Аш ни секунды не соображала, что произносит все это вслух. Тоном взрослого, спокойного презрения — как будто все, что она говорила, само собой разумеется.
Тиудиберт прищурился. Он больше не ухмылялся. Назир все еще стоял наклонившись, уперевшись руками в покрытые кольчугой бедра. На его хмуром лице появилось замешательство. Аш замерла.
— Похоже, я собираюсь сделать глупость, — прошептала она презрительно, едва осмеливаясь дышать, чтобы не спугнуть момента наступившей тишины. Она посмотрела на лица: всем около двадцати лет, это Барбас, Гайна, Фравитта, Гей-зерих, но она не знала, кто из них кто. Живот у нее сжимался от боли. Она села на пятки, не обращая внимания на горячую струйку мочи, стекающую по внутренней стороне бедер: она обмочилась.
— На поле боя нет «воинов», — заговорила она полным презрения голосом и, дрожа, бросала им на вульгарном
Такие речи она могла произносить каждый день, для этого не требуется быть особо проницательным.
В желтом свете она посмотрела на колеблющиеся тени на стенах, на розовые лица, глядящие на нее сверху вниз. Двое попятились, самый молодой — Гейзерих? — шептал что-то товарищу.
Но эти слова и они могли бы сказать сами.
Только ни один гражданский не сумел бы.
Не смог бы их сказать мужчина женщине. Военный — гражданскому. Мы с вами по одну сторону. Давайте, соображайте, вы должны понять, я не баба, я — один из вас!
У Аш хватило сообразительности опереться ладонями о свои голые бедра и подняться на колени при полном молчании. Казалось, она не сознает, что у нее голые груди и покрытый синяками живот, как будто она снова в деревянной ванне в своем обозе.
Пот катился по ее лицу, но она его не замечала. Соленая кровь из раны на щеке стекала на рассеченную губу. Перед ними была длинноногая широкоплечая женщина, стриженная коротко, по-мальчишески, как стригутся монахини, как стригут при ране на голове.
Низкий голос Тиудиберта звучал возмущенно.
— Ах ты трусливая сука.
— Эй, назир, она что — взялась всех нас уделать? — прозвучал чей-то иронический голос. Блондин. Стоит позади всех.

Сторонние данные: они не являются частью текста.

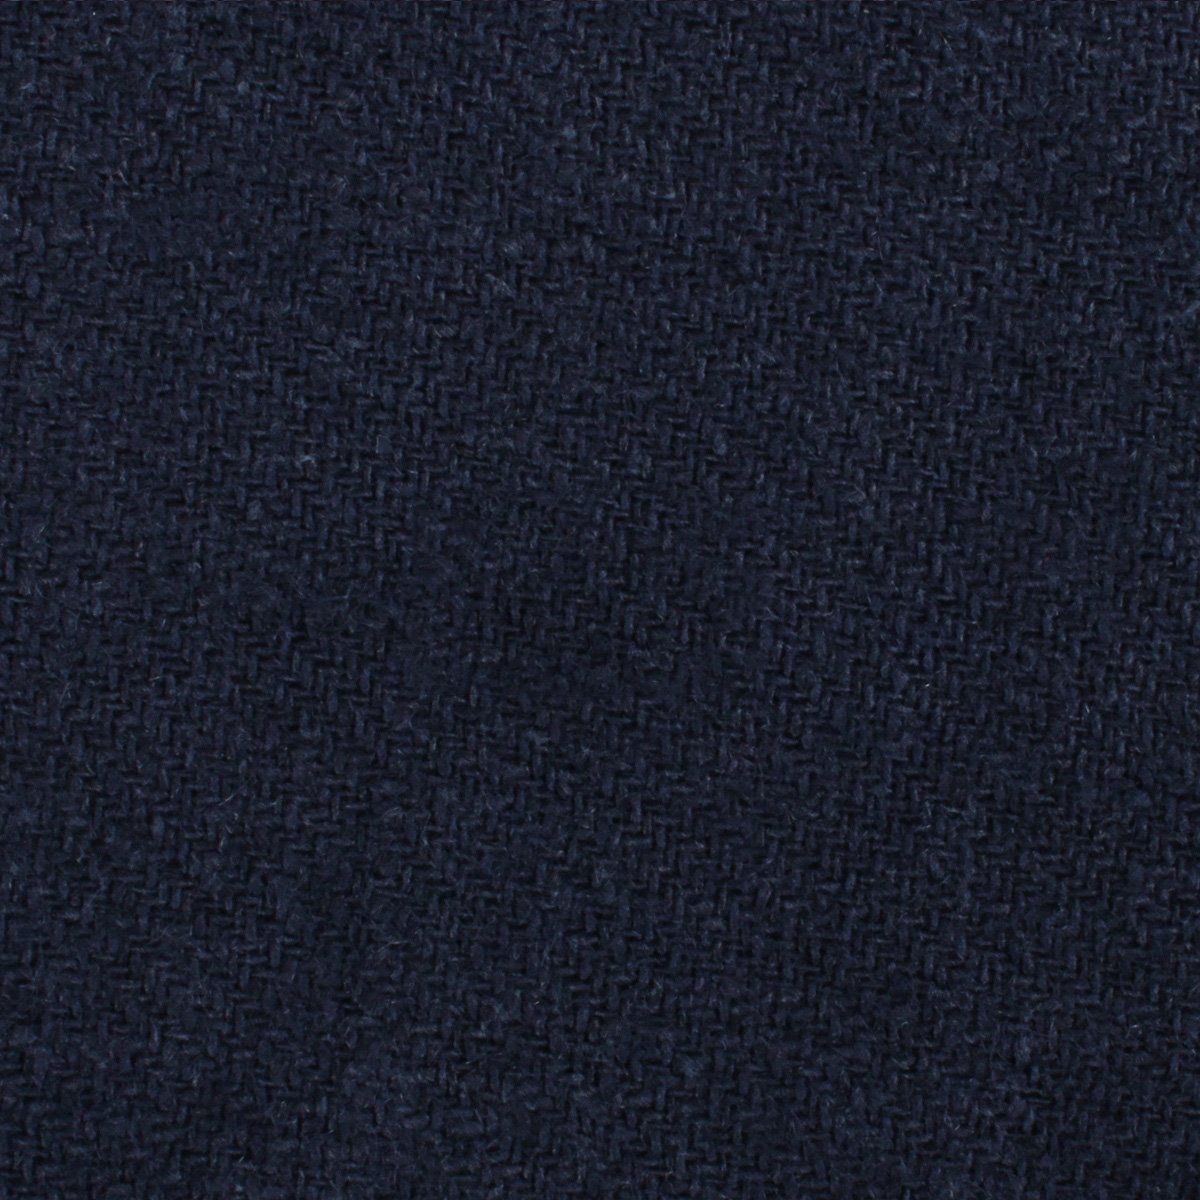 Midnight Blue-Black Linen Necktie Fabric

Аш почувствовала, как заметно снизился эмоциональный накал в камере. Она задрожала: все тонкие волоски на теле встали дыбом.
— Заткни хлебало, Барбас.
— Слушаю, назир.
— А-а, хрен с ней. Трахните ее, если охота. — Тиудиберт развернулся на каблуках, расталкивая своих людей, двинулся к двери. — Не вижу, чтобы кто-то из вас, дерьма, шевелился. Шевелитесь!

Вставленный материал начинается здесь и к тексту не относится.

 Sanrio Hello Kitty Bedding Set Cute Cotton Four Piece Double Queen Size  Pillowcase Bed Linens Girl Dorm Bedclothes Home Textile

Солдат с вздутыми мышцами, тот, который, как она заметила, был возбужден, угрюмо запротестовал:
— Но, назир…
Назир мимоходом нанес ему тяжелый удар, и тот сложился пополам.
Их тяжелые жесткие тела беспорядочно толпились в дверях камеры долгие секунды, дольше этих секунд она не помнила ни разу вне поля боя: такие мгновения, которые, кажется, тянутся бесконечно; потом, недовольно бормоча что-то друг другу, старательно игнорируя ее, один сплюнул на пол, другой грубо засмеялся, до нее донеслись слова: «…сломать ее как-нибудь…».
Захлопнулась железная решетка, представляющая собой дверь камеры. Ее заперли.
И через долю секунды она оказалась одна в камере.
Звенят ключи, шуршат кольчуги. Они удаляются по коридору. Вдали слышится топот сапог, идущих вверх по лестнице. Голоса стихают.
— О, сукин сын. — Голова Аш упала на грудь. По привычке ждала, что на лицо упадут тяжелые длинные волосы, чтобы сдвинуть их в сторону. Но ничто не помешало ей смотреть вперед. С легкой головой, в полном смысле этого слова, она смотрела на узкие стены в свете фонаря, висящего за железной решеткой. — О Господи. Спаси меня, Христос.